LNG (Liquefied Natural Gas)
LNG ist die Bezeichnung für Flüssigerdgas. Um LNG zu erhalten, wird Erdgas von Schwefel, Stickstoff und Kohlendioxid gereinigt und auf Temperaturen von bis zu minus 162°C abgekühlt.
Erdgas droht teuer zu werden – Politik diskutiert über Maßnahmen
Das Problem für viele Haushalte und Firmen im Winter 2023: Die bisher eingesetzte Maßnahme aus dem vergangenen Jahr, den Mehrwertsteuersatz für Gas vorübergehend von 19 auf 7 Prozent zu senken und Gas so billiger zu machen, soll es nicht mehr geben.
Die Deutsche Presse-Agentur meldet, dass Bundesfinanzminister Christian Lindner (FDP) plant, diese Sonderregelung drei Monate früher als geplant bereits zum Jahreswechsel auslaufen zu lassen. Immerhin: Innerhalb der Koalition ist diese Überlegung umstritten. Das sind die wichtigsten Punkte der Diskussion:
- die krisenbedingten Preisspitzen an den Gasmärkten hätten sich gelegt
- Geld soll freigemacht werden für "Spielräume für die öffentlichen Haushalte"
- Denkbar wäre auch ein Industriestrompreis für besonders energieintensive Firmen oder eine Senkung der Stromsteuer
Was bisher an Geldern für die Hilfen ausgezahlt wurde
Wie aus dem Bericht zu entnehmen ist, hat das Wirtschaftsministerium darüber informiert, dass für die Gaspreisbremse mit Stand Mitte September bisher rund 9,6 Milliarden Euro ausgezahlt wurden. Weiter heißt es: Für die Strompreisbremse seien mit Stand vom 22. September rund 10,8 Milliarden Euro verausgabt worden.
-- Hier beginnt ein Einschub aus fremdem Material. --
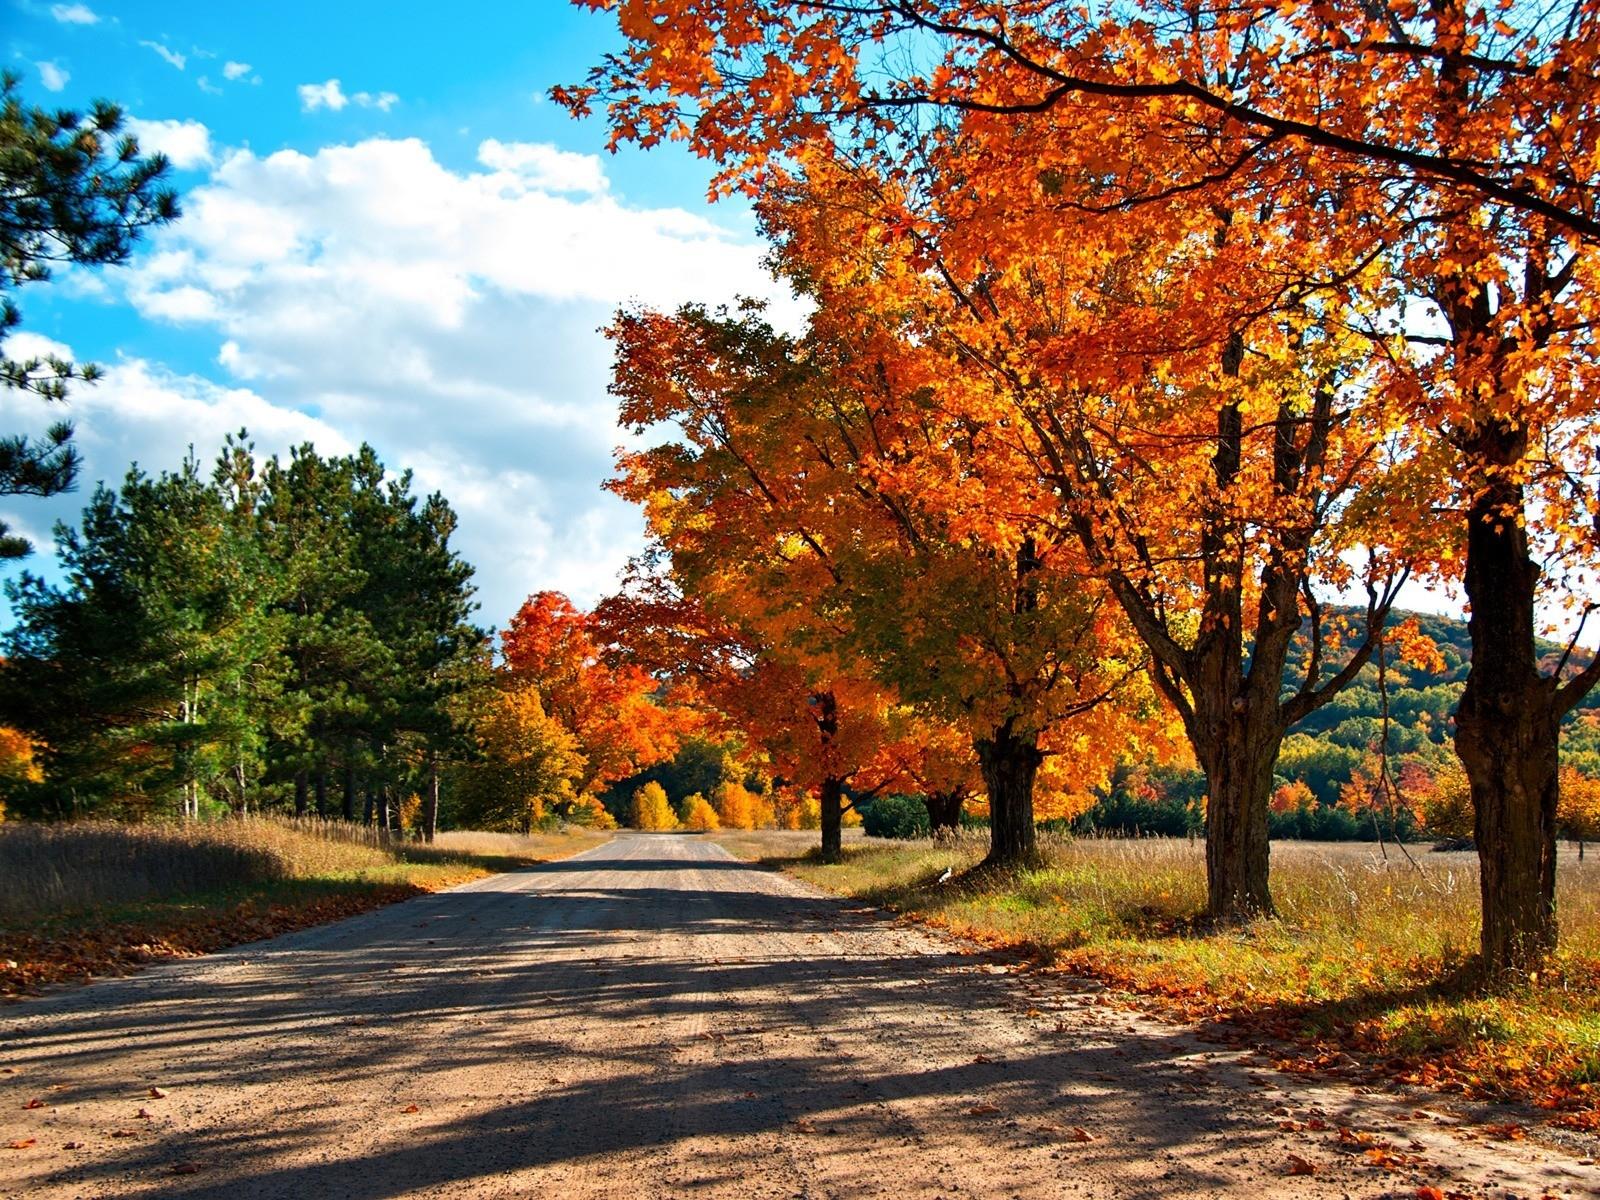 Güneş ışığı Ağaçlar Manzara yapraklar doğa Ot gökyüzü alan yol Şube Sarı akşam Yol Bahar Gölgeler Ağaç sonbahar Yaprak bitki Ormanlık alan Koruluk Bilgisayarın duvar kağıdı Odunsu bitki Ilıman geniş yapraklı ve karışık orman yaprak döken akçaağaç

Fakt ist, die Energiepreisbremsen laufen am 31. Dezember 2023 aus. Nur bis maximal 30. April 2024 ist laut Gesetz eine Verlängerung möglich. Für Kerstin Andreae, Vorsitzende der Hauptgeschäftsführung des Bundesverbandes der Energie- und Wasserwirtschaft ist klar: "Nach dem schwierigen vergangenen Winter ist es wichtig, den Energiekundinnen und -kunden Stabilität und Sicherheit bei den Energiepreisen zu signalisieren."
Sie fordert eine schnelle Lösung, um den Menschen Sicherheit zu geben. Eine Möglichkeit wäre es in ihren Augen, wenn die befristeten Mehrwertsteuersenkungen auf Gas und Wärme synchron mit den Energiepreisbremsen erst zum 31. März 2024 ausliefen.